┌─ AVAILABLE DATA
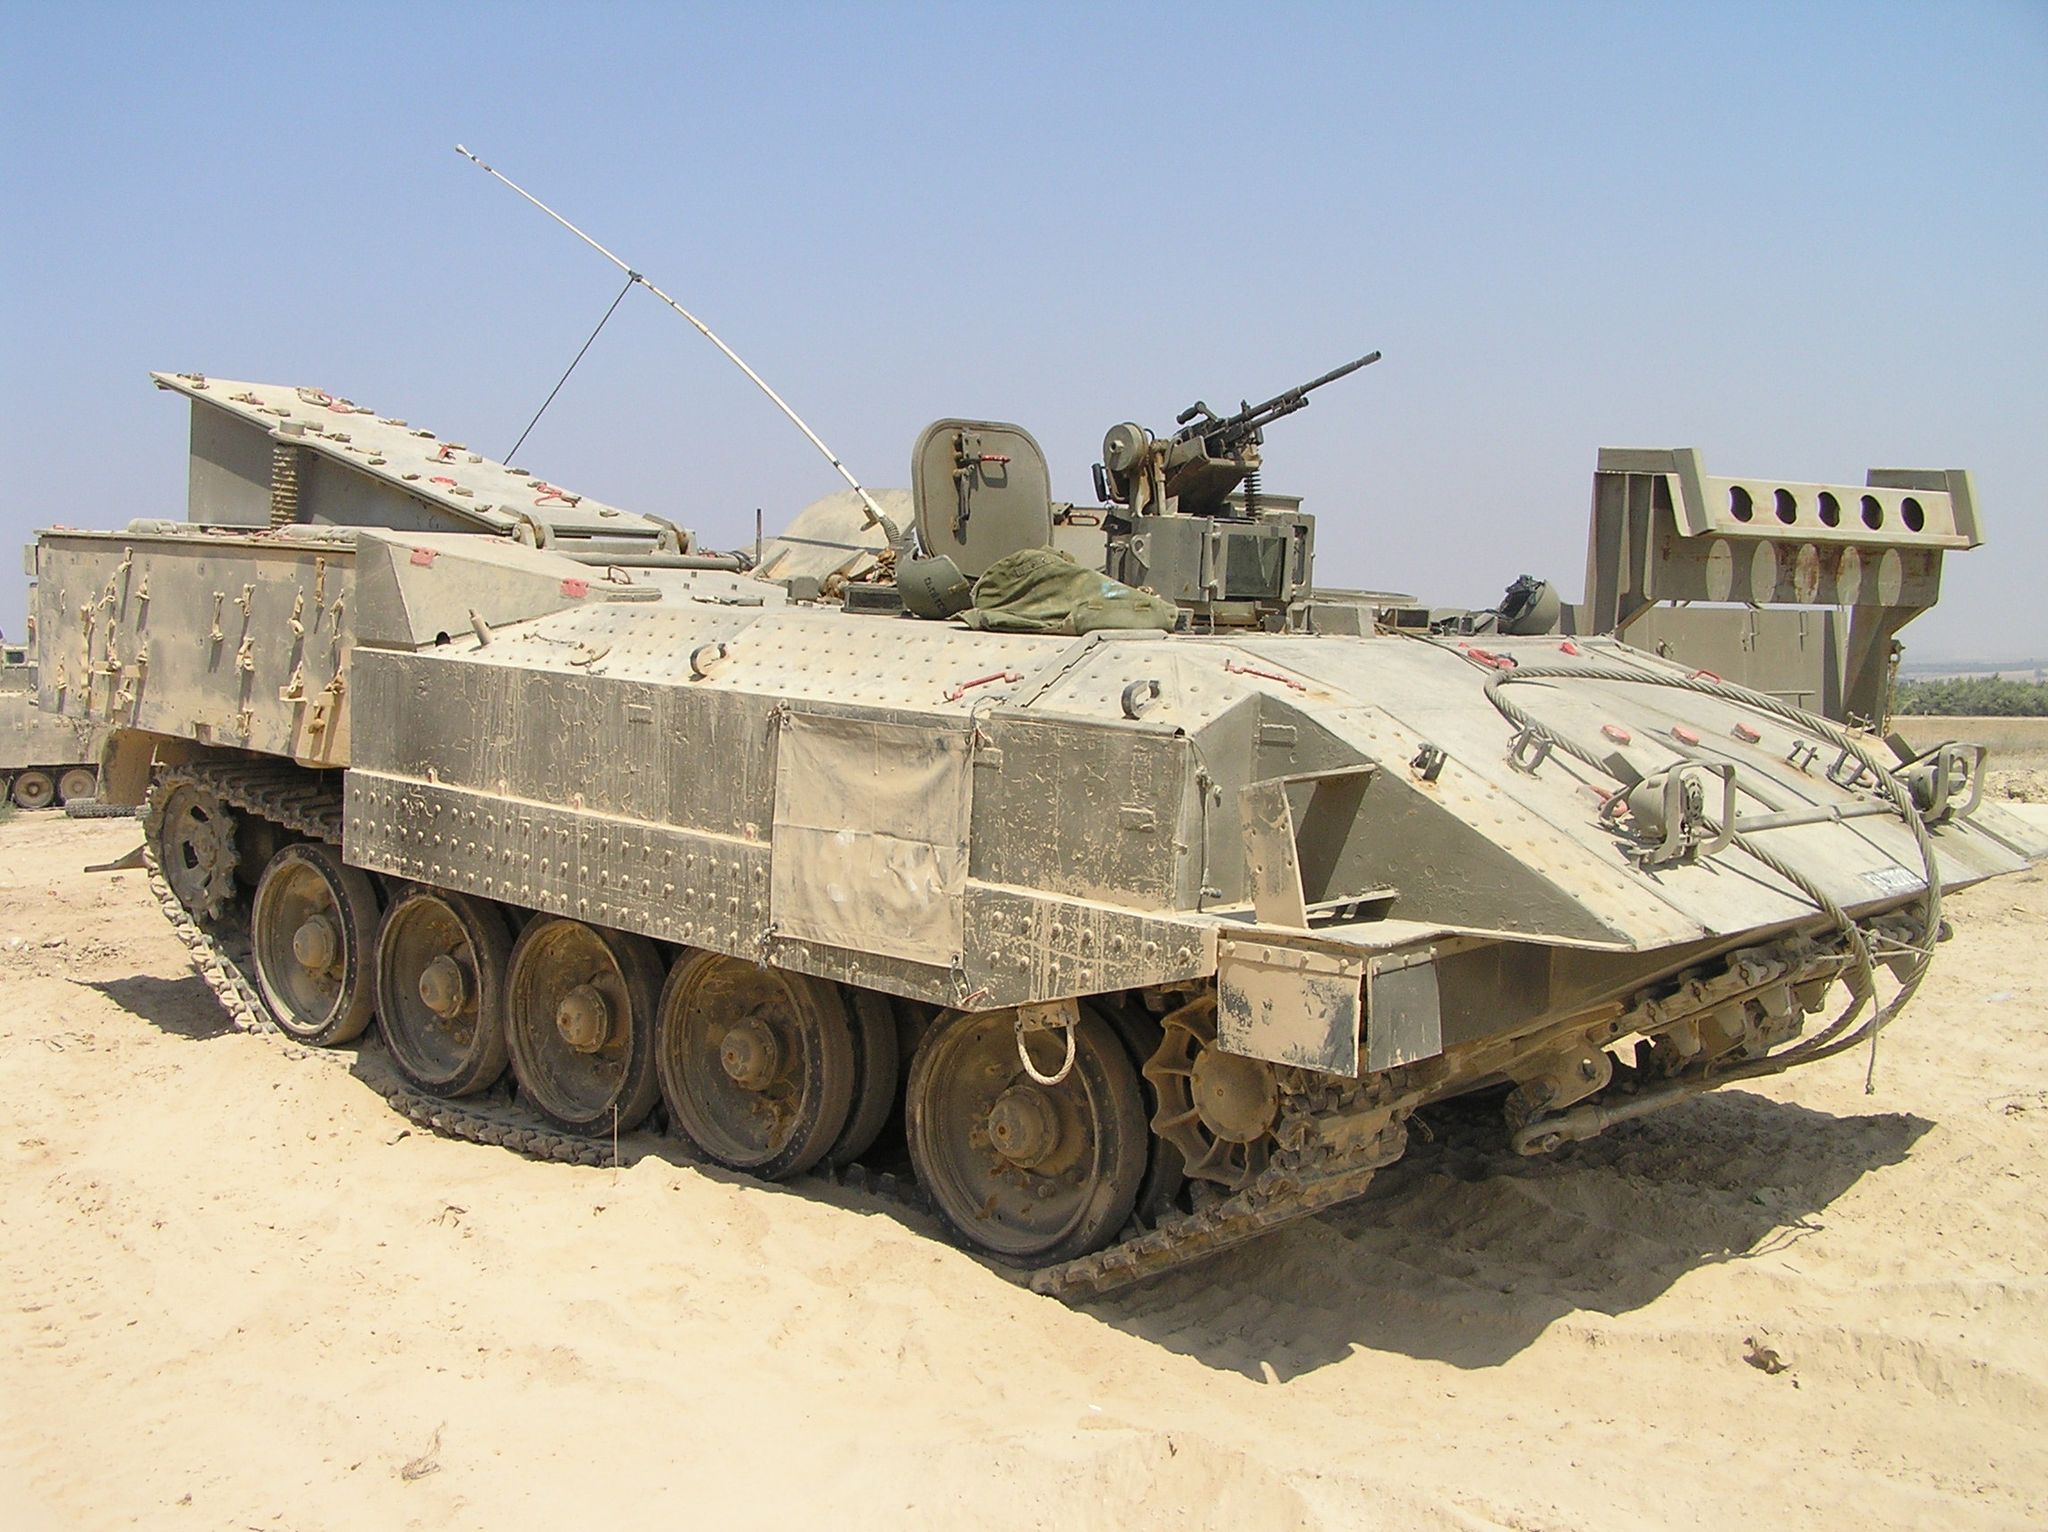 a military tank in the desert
└─
┌─ AVAILABLE DATA
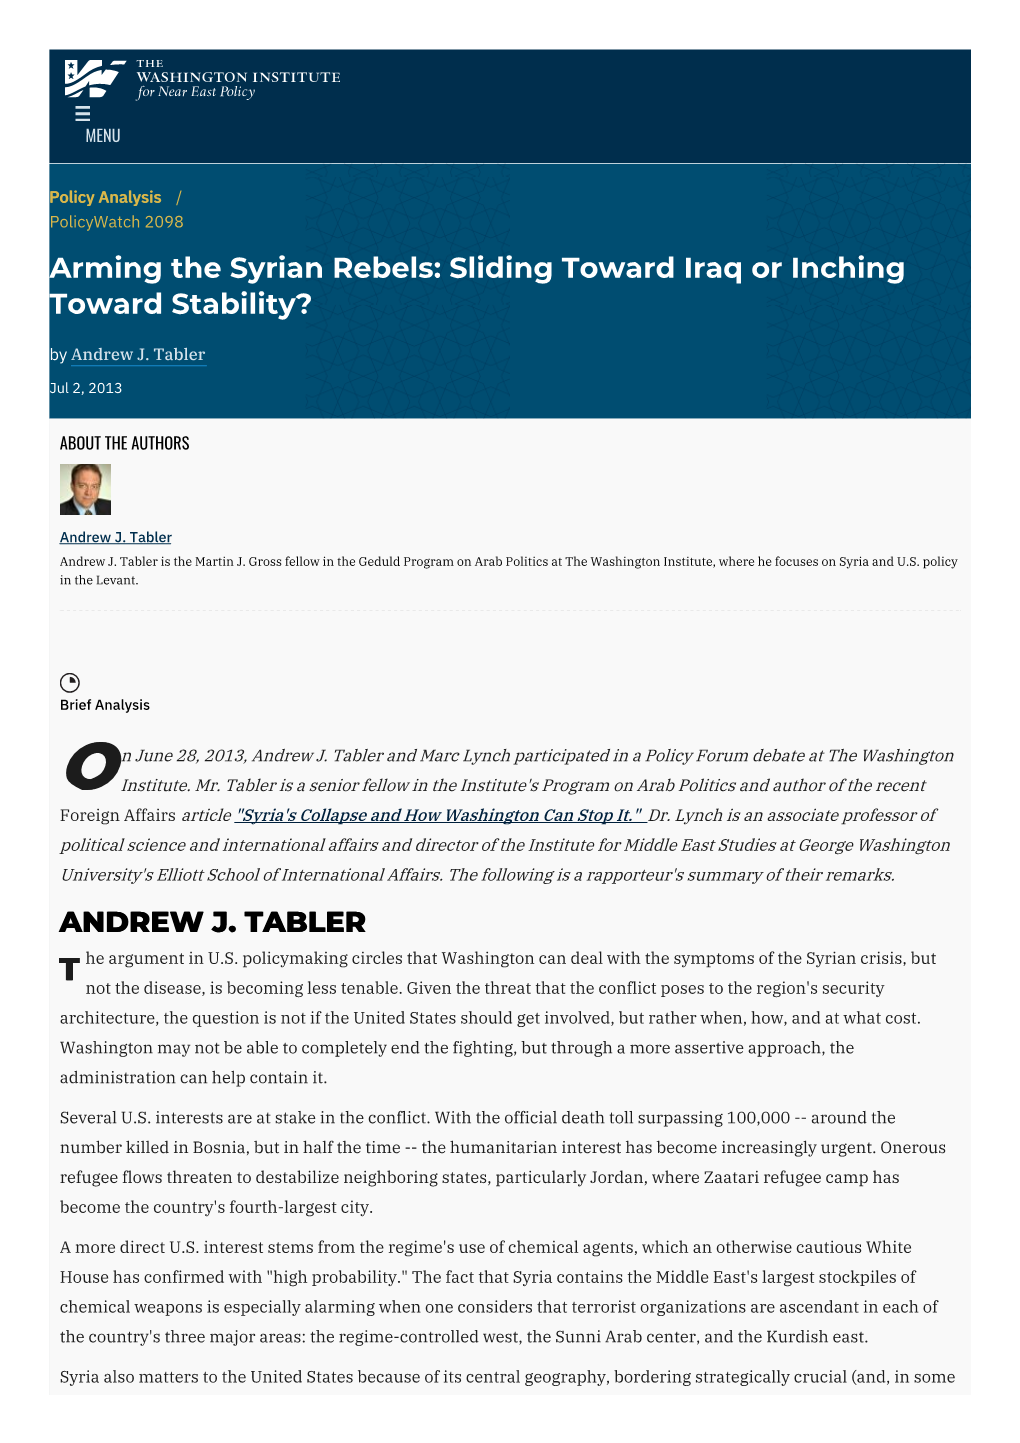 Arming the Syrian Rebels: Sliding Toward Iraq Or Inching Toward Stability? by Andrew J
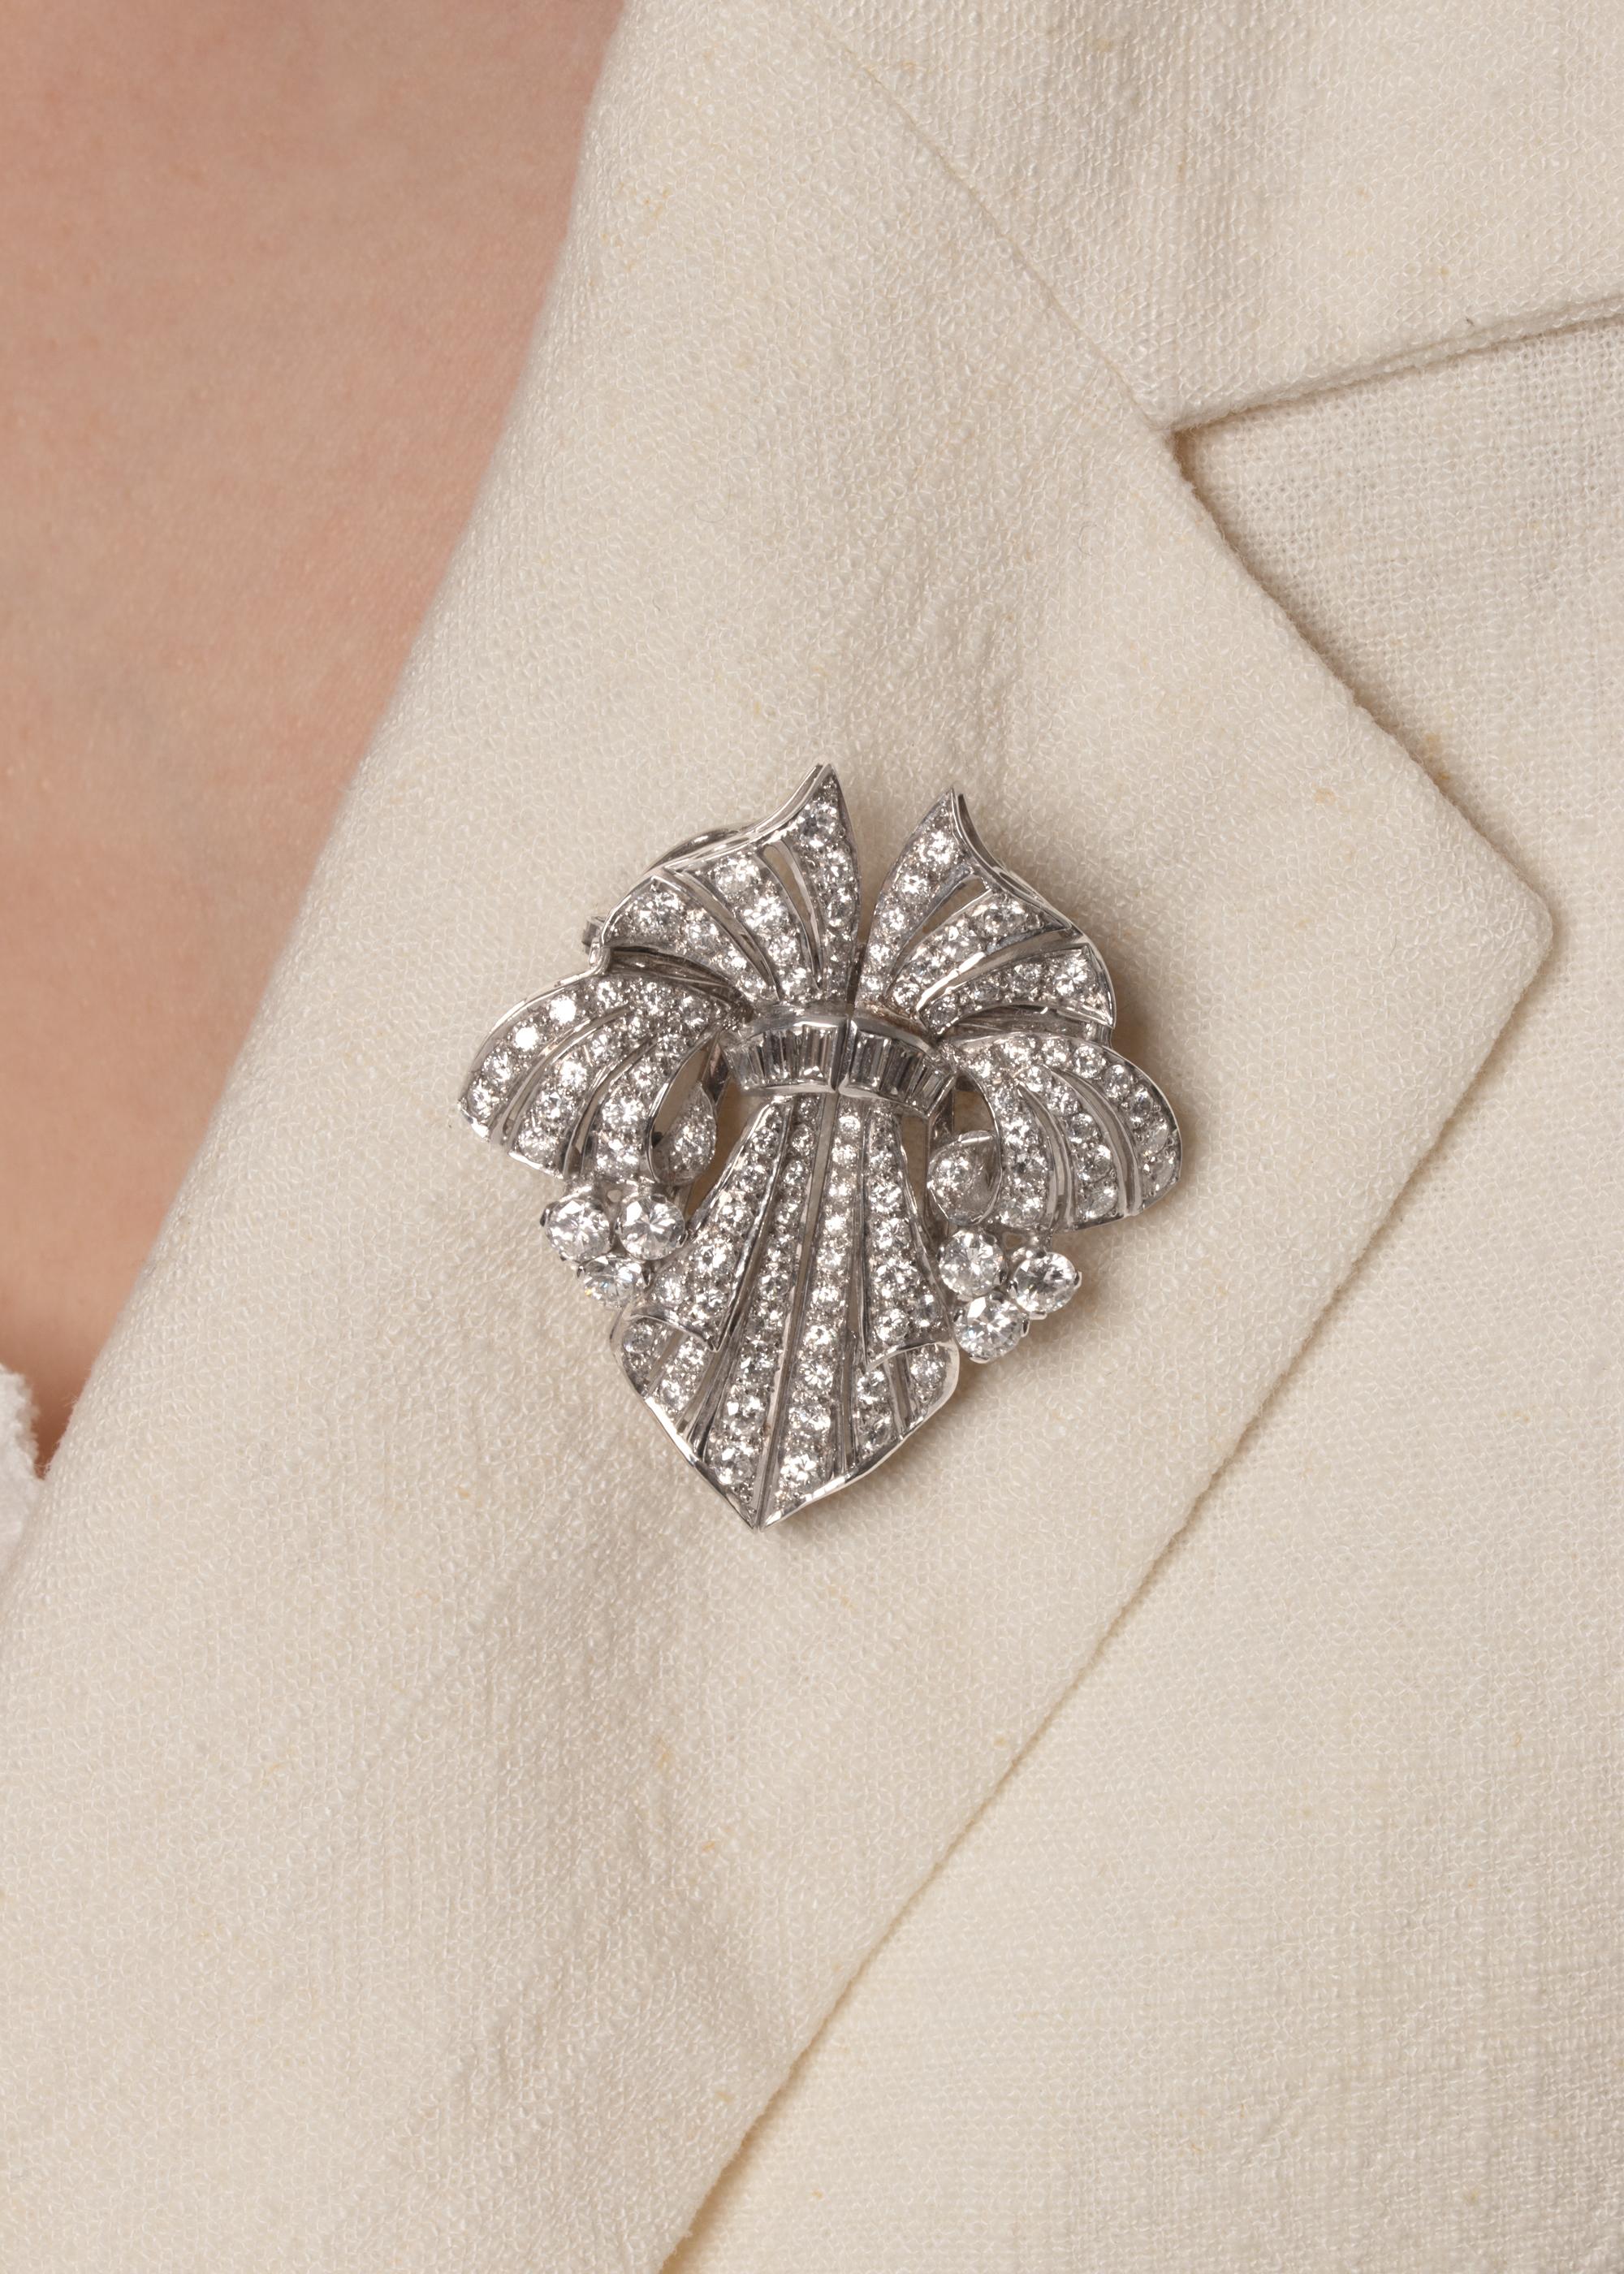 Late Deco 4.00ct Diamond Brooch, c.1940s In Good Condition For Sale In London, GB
└─
┌─ AVAILABLE DATA
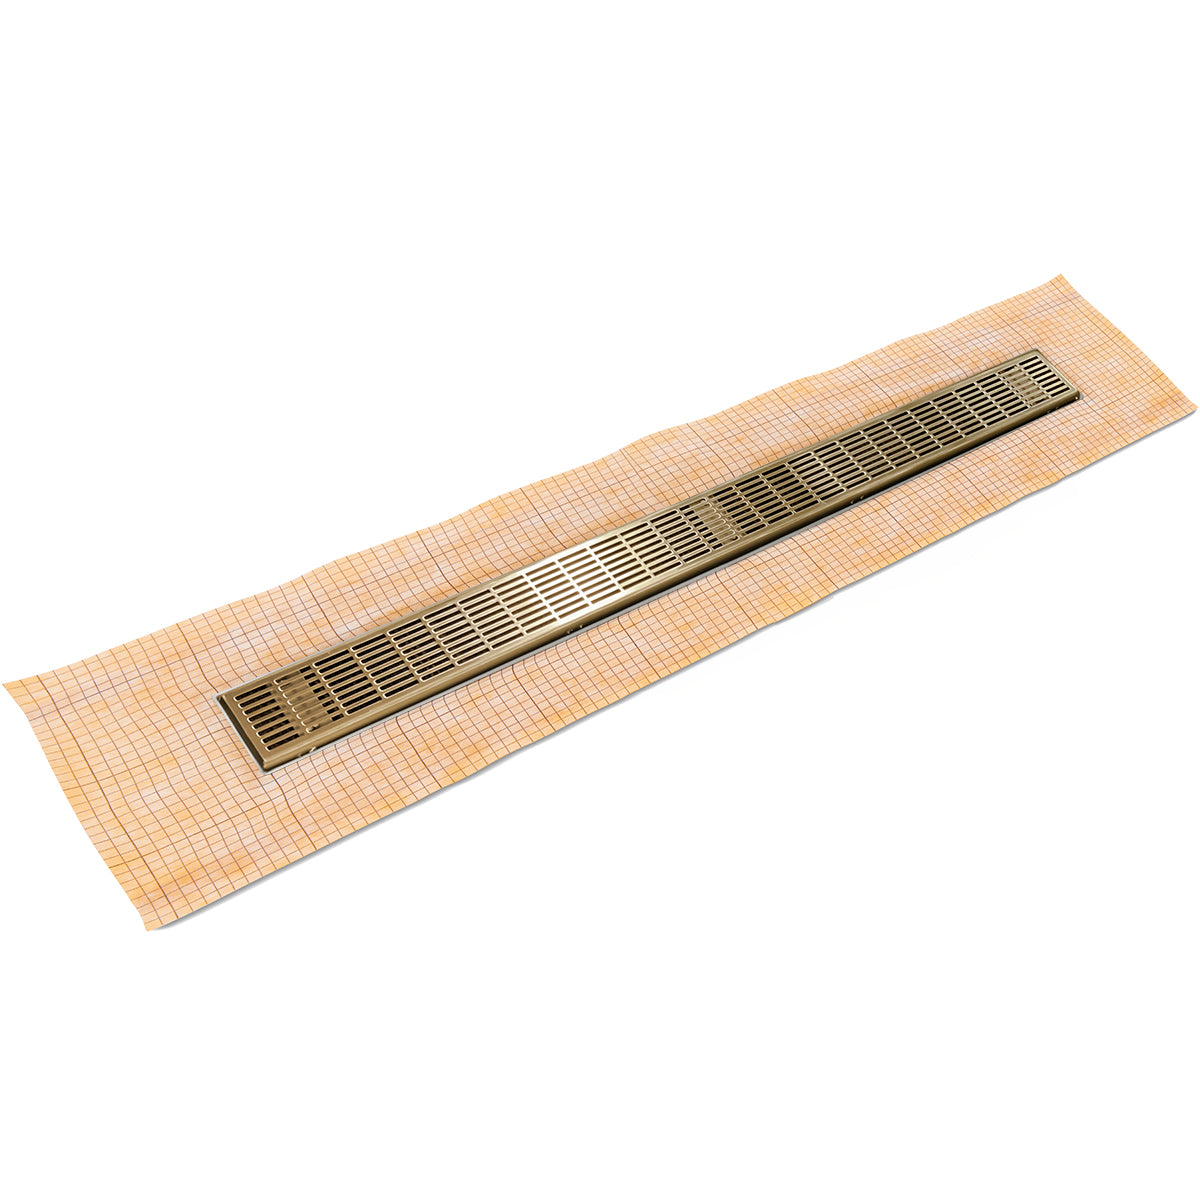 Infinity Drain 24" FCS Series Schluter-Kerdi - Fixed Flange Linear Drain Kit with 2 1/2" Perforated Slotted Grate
└─
* **TASK PROMPT**
What is needed is an exact copy of only the lines above from the one with "Arming the Syrian" to the one with "Late Deco 4.00ct", both kept, with every picture left out.

* **RESULT OF THE TASK**
 Arming the Syrian Rebels: Sliding Toward Iraq Or Inching Toward Stability? by Andrew J
 Late Deco 4.00ct Diamond Brooch, c.1940s In Good Condition For Sale In London, GB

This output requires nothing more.